Try it —
Make an exact copy of the listing, without images.

Data extract —
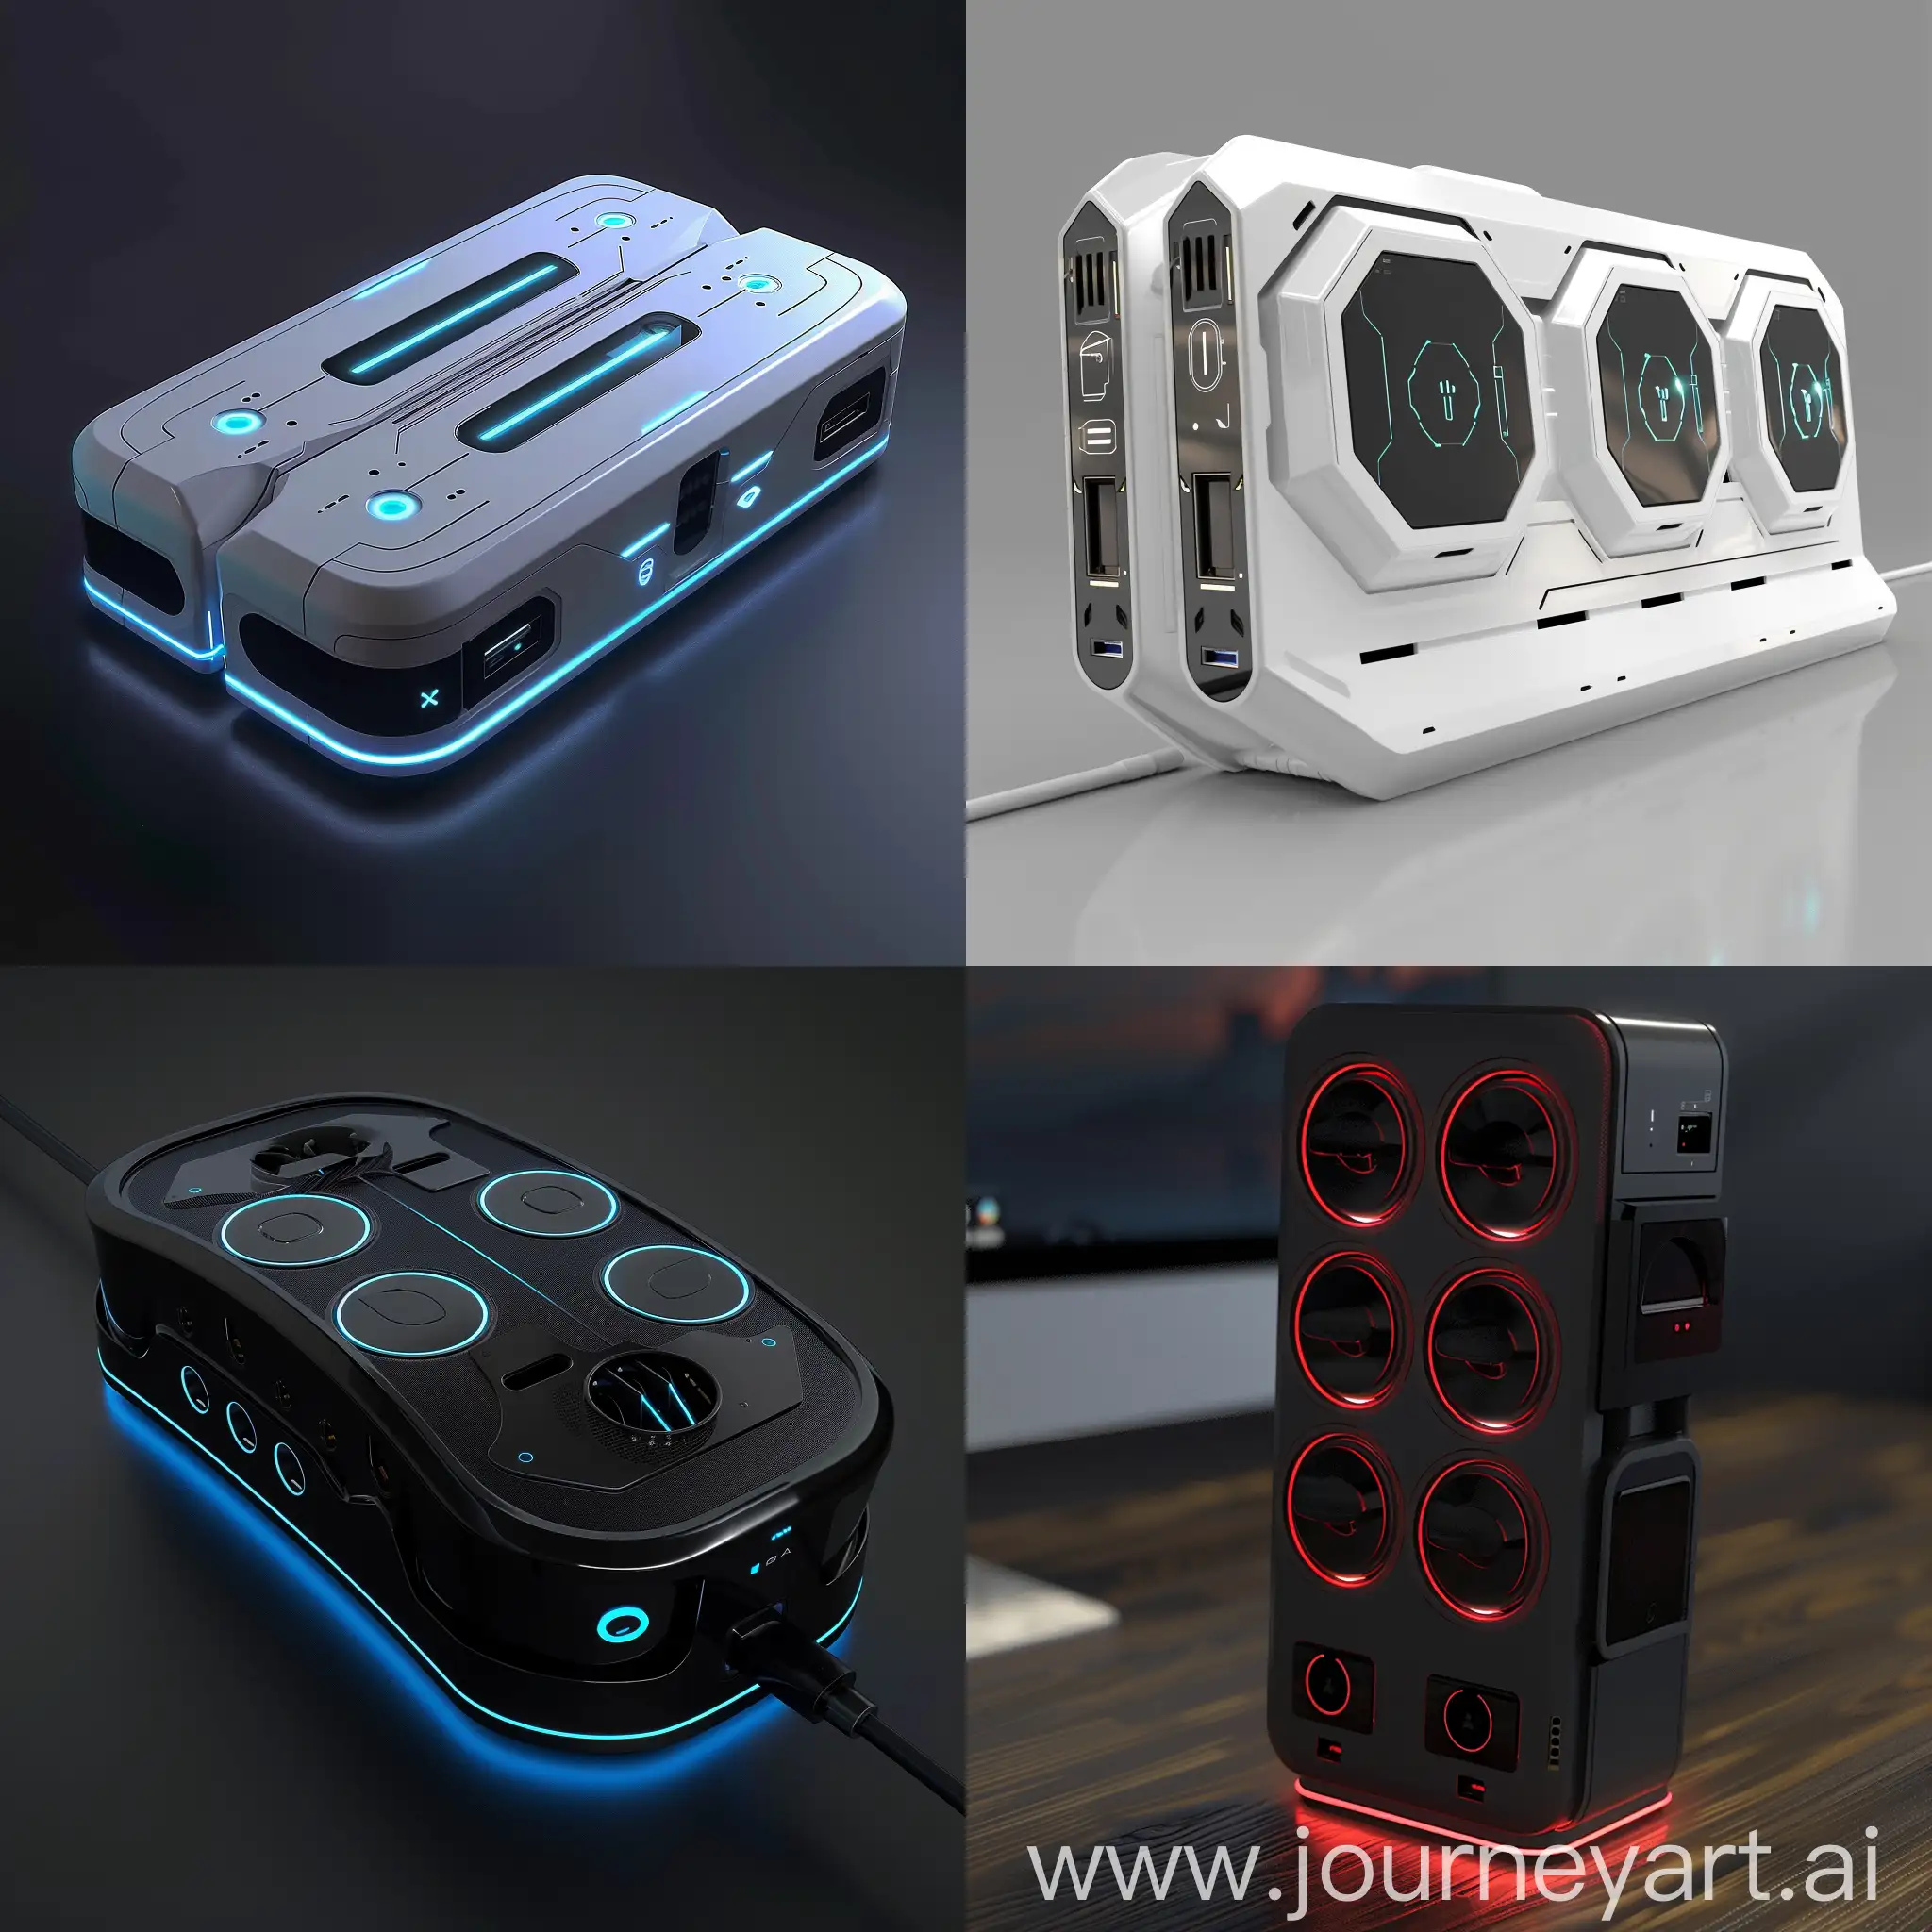 Advanced-SciFi-Multisocket-Adaptor-Modular-Design-with-Smart-Connectivity-and-EcoFriendly-Materials
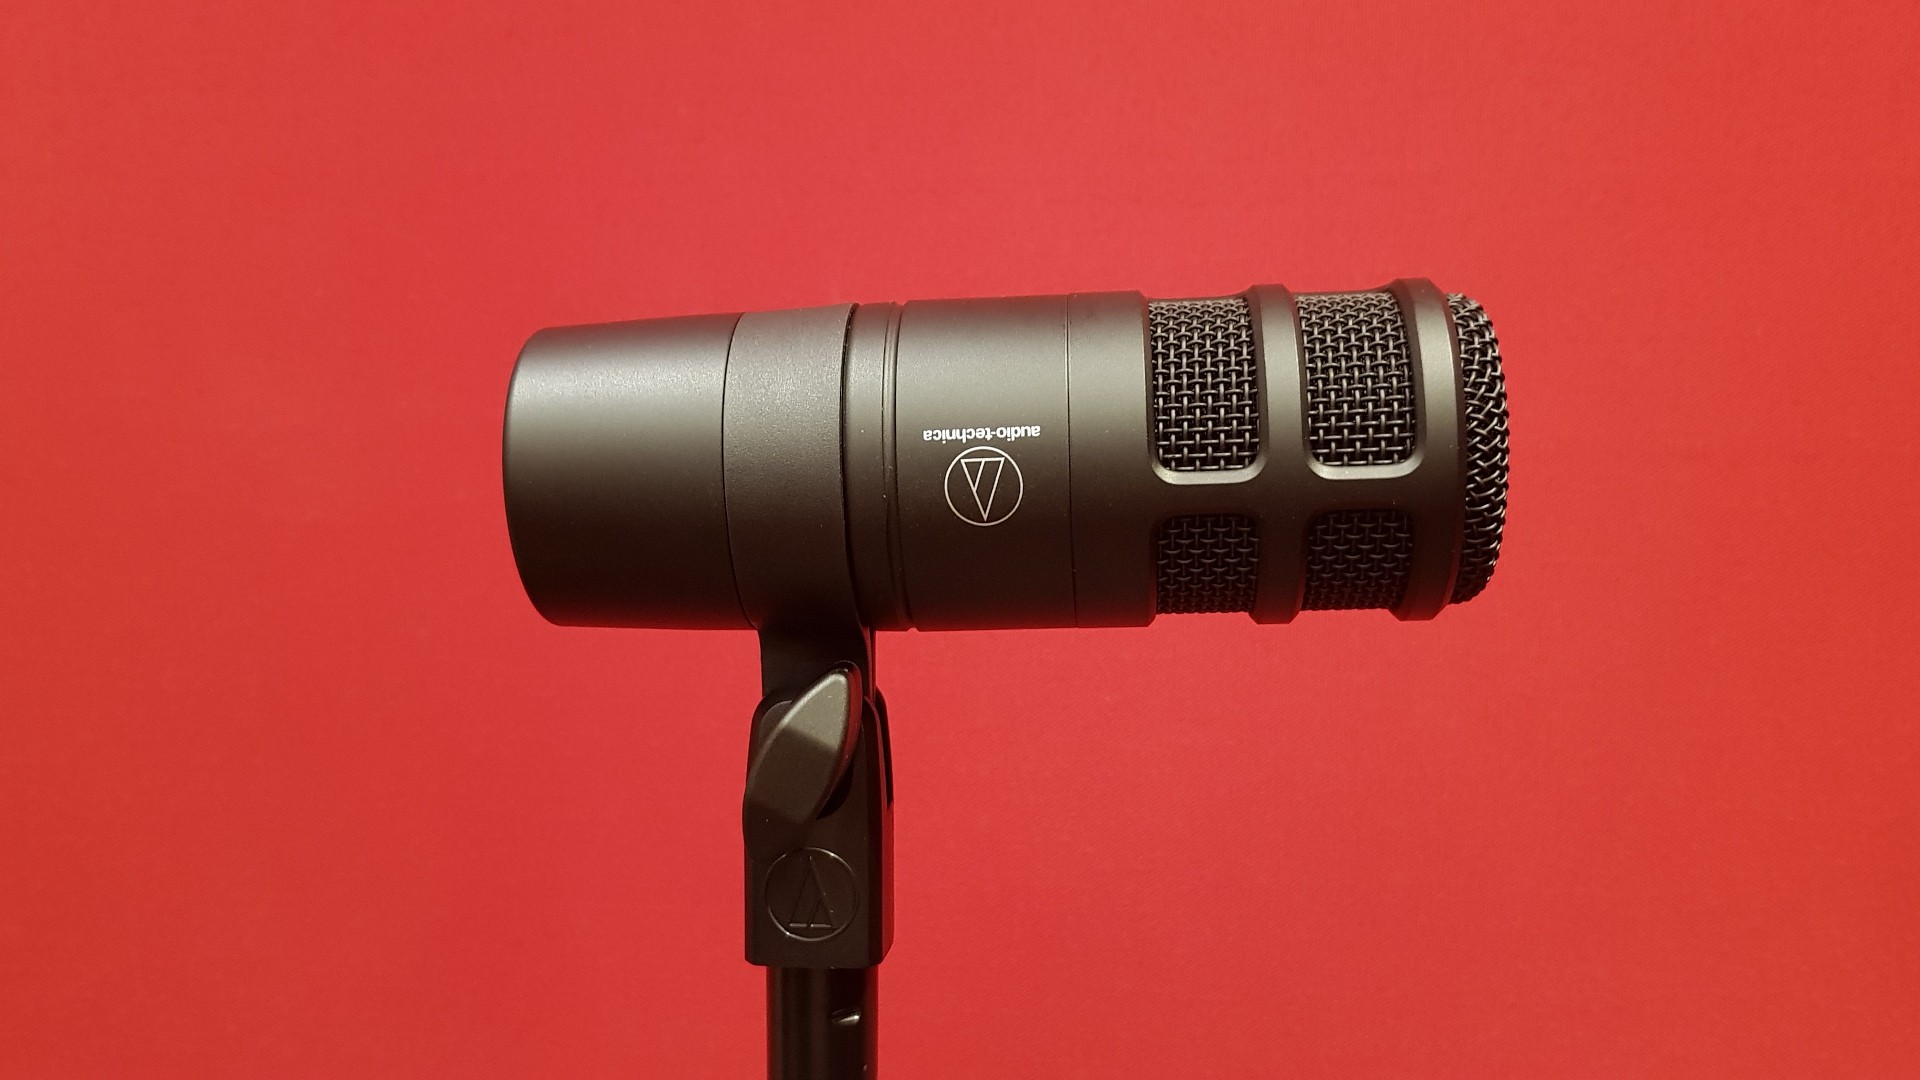 AT2040 Vs AT2020: Audio-Technica Face-Off - Which Should You Buy?
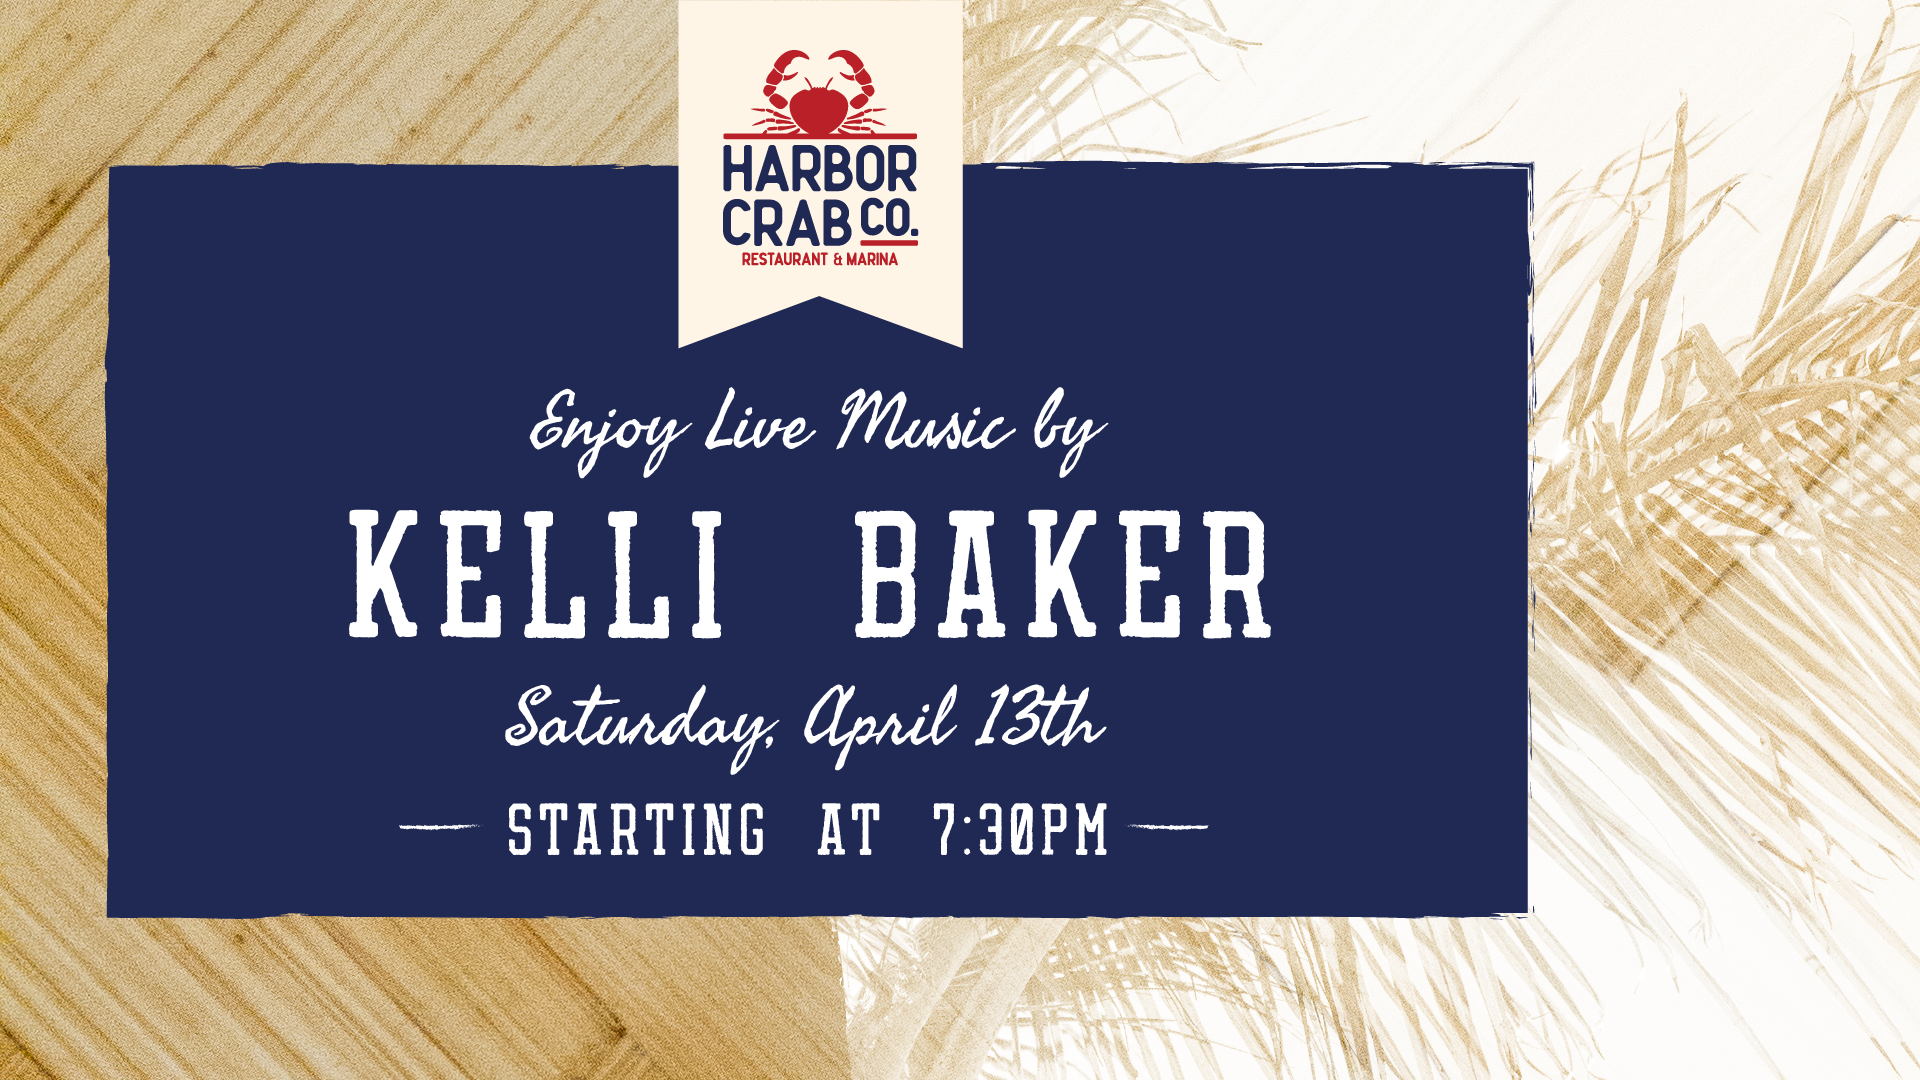 Live music by Kelli Baker on Saturday, April 13 at 7:30PM.

Your response —
 Advanced-SciFi-Multisocket-Adaptor-Modular-Design-with-Smart-Connectivity-and-EcoFriendly-Materials
 AT2040 Vs AT2020: Audio-Technica Face-Off - Which Should You Buy?
 Live music by Kelli Baker on Saturday, April 13 at 7:30PM.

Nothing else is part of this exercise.